Asay: What do you think is the status of biblical literacy today?

Cargill: Certainly people don’t know the biblical text as well as, let’s say, 50 years ago. And I think that’s been replaced by something that I think is even more, if I can say, toxic. It’s not just been replaced with an ignorance of Scripture, but it’s been replaced with a false understanding of what the Bible says. And by that I mean, when you read the Hebrew prophetic texts, and when you read what Jesus says about money, about immigration, about things having to do with how we treat others, there’s a pretty consistent theme throughout these texts that doesn’t always get communicated in what passes for modern Christianity today.

So I think we have two things going on. One, people just aren’t as well read in the Bible as they used to be, but what’s even more frightening is it’s being replaced by what people are being told is in the Bible instead of what’s actually there. And what they’re being told is actually not what Jesus taught. If I’m in a classroom teaching students who don’t know anything about the Bible, that’s fine. I can just introduce them to the text. But if I’m having to un-learn them, if I’m having to teach them, ‘no, what you think you know isn’t true,’ … if I have to do that, then it’s that much more difficult.
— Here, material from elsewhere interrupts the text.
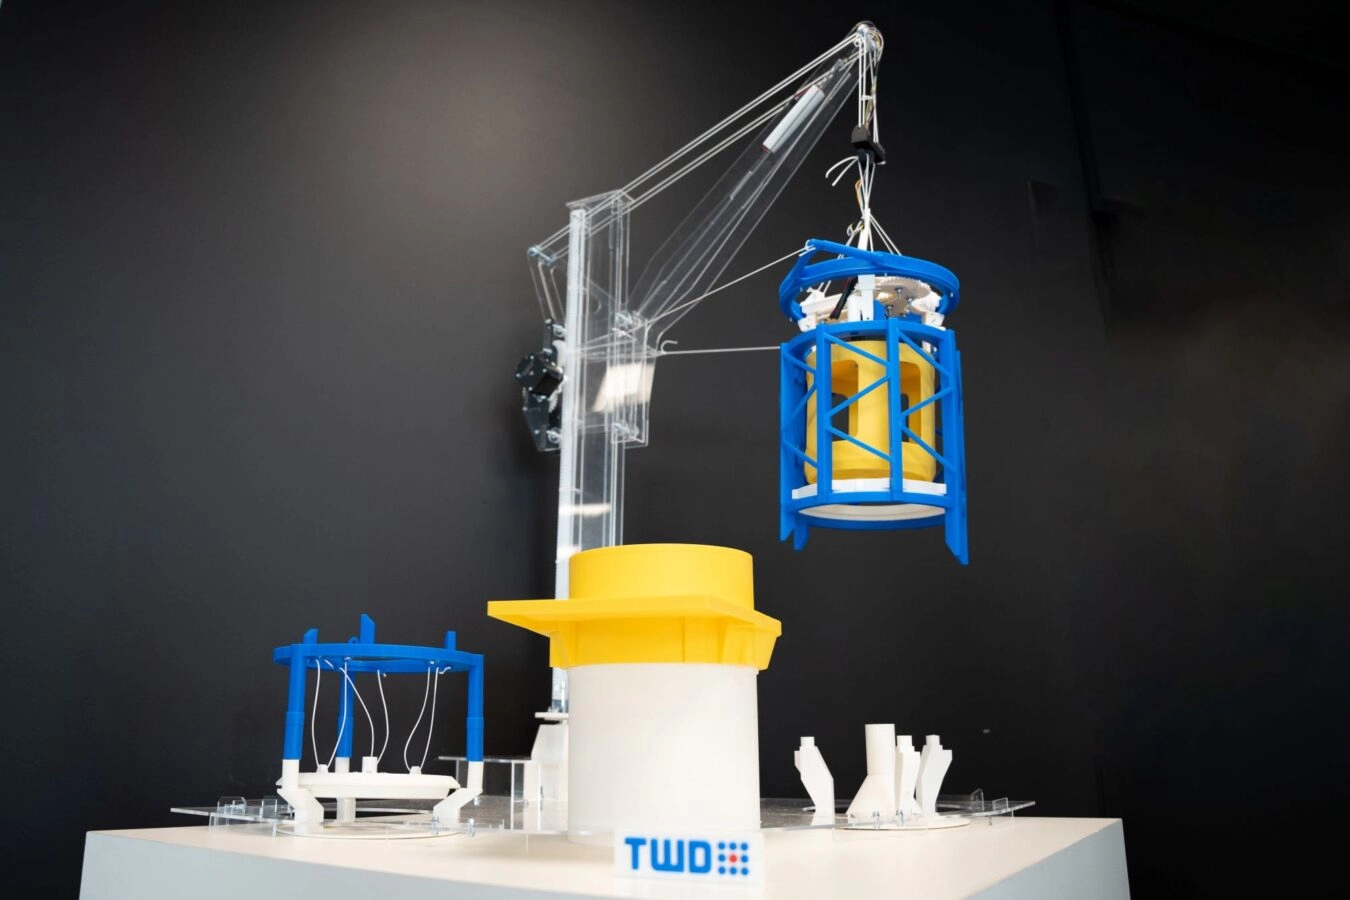 TWD Innovation: smart and multi-functional Modular Tugger Frame

I think biblical literacy is important. But it’s got to be done the right way, and unfortunately what a lot of people say today when they mean biblical literacy is they want indoctrination. They want a particular theological point of view taught in let’s say public schools. And that’s illegal. What I want is true biblical literacy. What’s the archaeology, what’s the history, what does the text say. Not trying to convince people of a particular theological viewpoint. And that’s what this show does. This show is not preaching, this show does not try to convert or de-convert. This show brings an incredible diversity of modern religious opinion, it brings an incredible diversity of, something I’ve never seen before, of ethnicity, of gender. There’s just this beautiful diversity of scholarly opinion that reflects the diversity of opinion about Jesus from the first century. And I’m really impressed and proud of that about this show.

**

Jesus: His Life, begins its eight-episode, four-week run on the History Channel March 25.